En revanche, pourquoi n’avoir accordé cette subvention qu’au seul circuit des semences
industrielles dites certifiées ? Elles représentent moins de la moitié (40 % environ) des
volumes de semences mis en terre chaque année dans cette région.
En Ile de France, 60 % des semences utilisées sont autoproduites par les agriculteurs depuis
des décennies. L’agriculteur conserve alors une partie de la récolte précédente qu’il fait
calibrer, nettoyer, traiter et ensacher souvent par un « trieur de semences professionnel »

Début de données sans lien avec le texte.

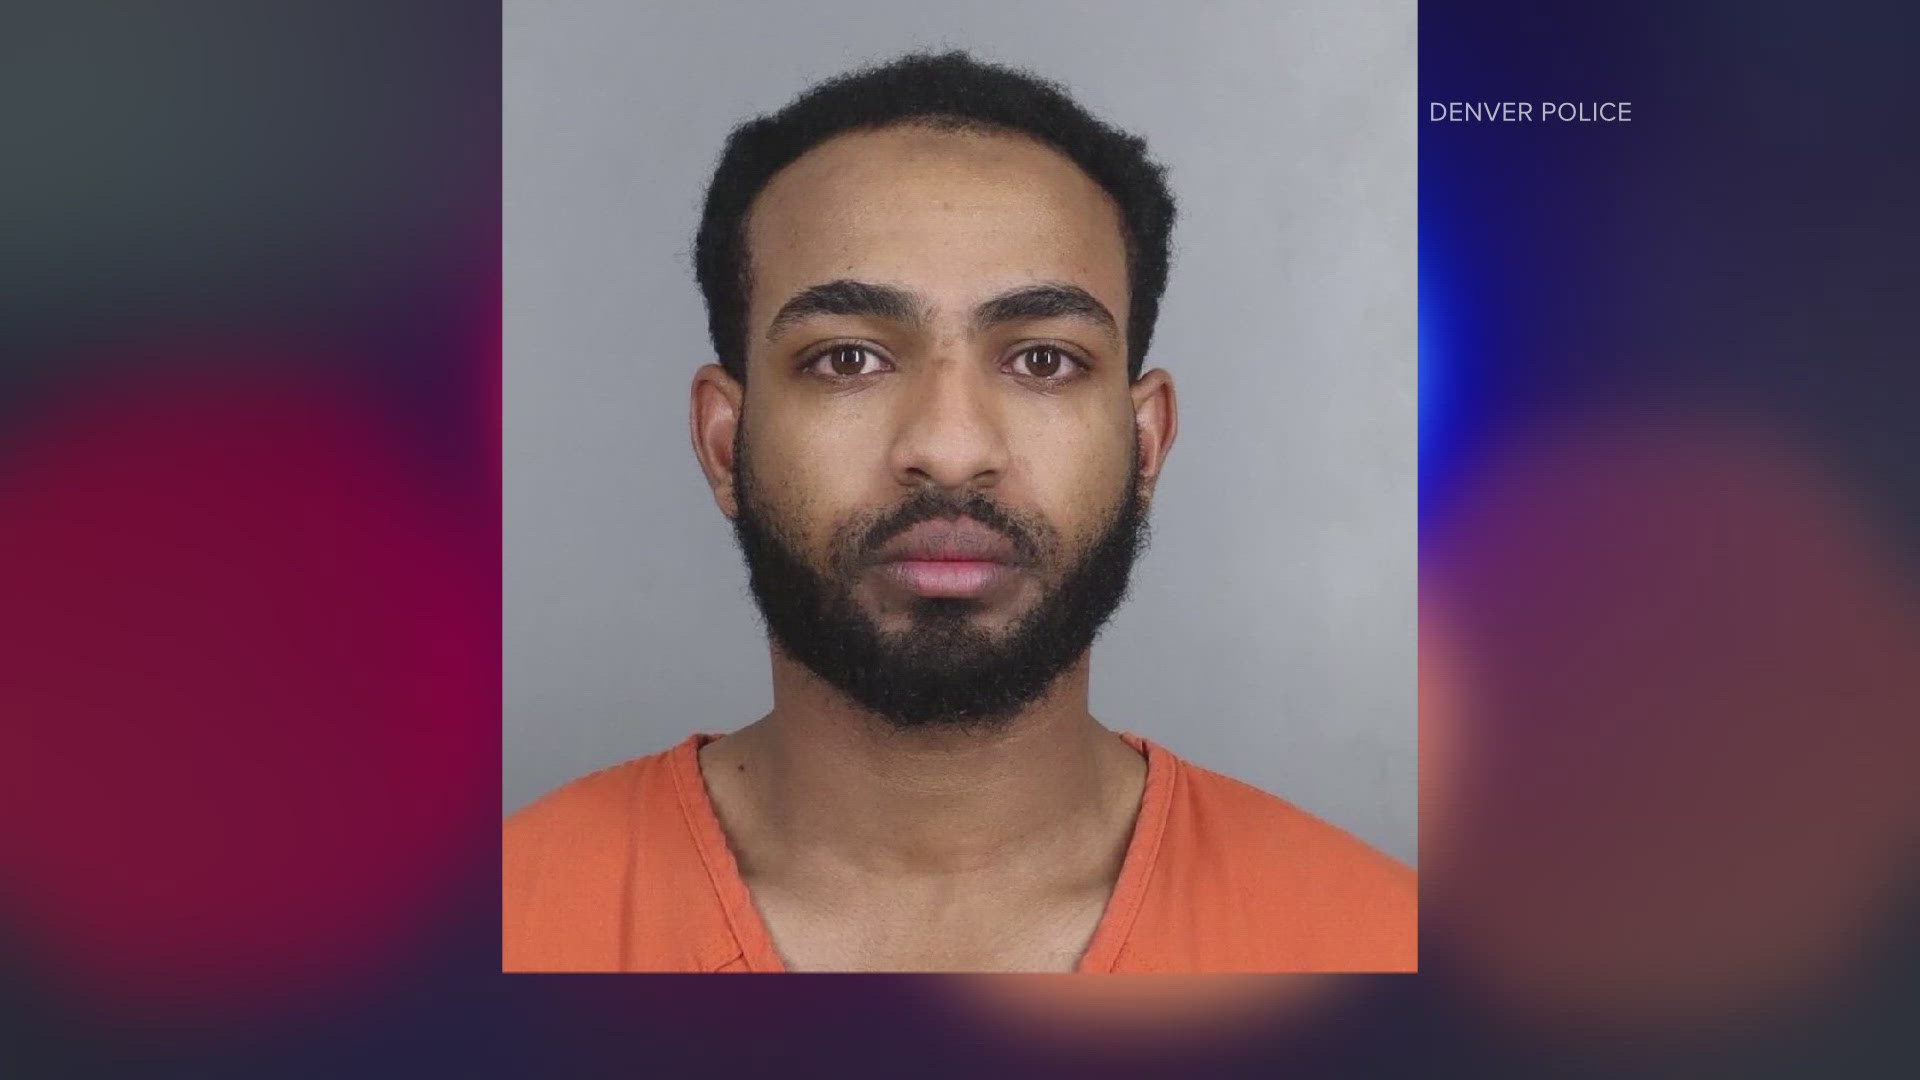 Nesrelah Bedru Kema was arrested in March. Through their investigation, police said they found information indicating there may be more victims.

puis il la « ressème » comme il « sème » une semence du commerce.
Préparés avec le savoir-faire adéquat, les grains de la récolte 2016 sont tout à fait en
capacité de produire une semence de qualité. Les grains de la récolte sont certes plus petits
mais ils conservent toute leur capacité germinative. Il suffit de bien les trier. Ce que les
professionnels de la semence de ferme savent faire, comme les stations des semenciers.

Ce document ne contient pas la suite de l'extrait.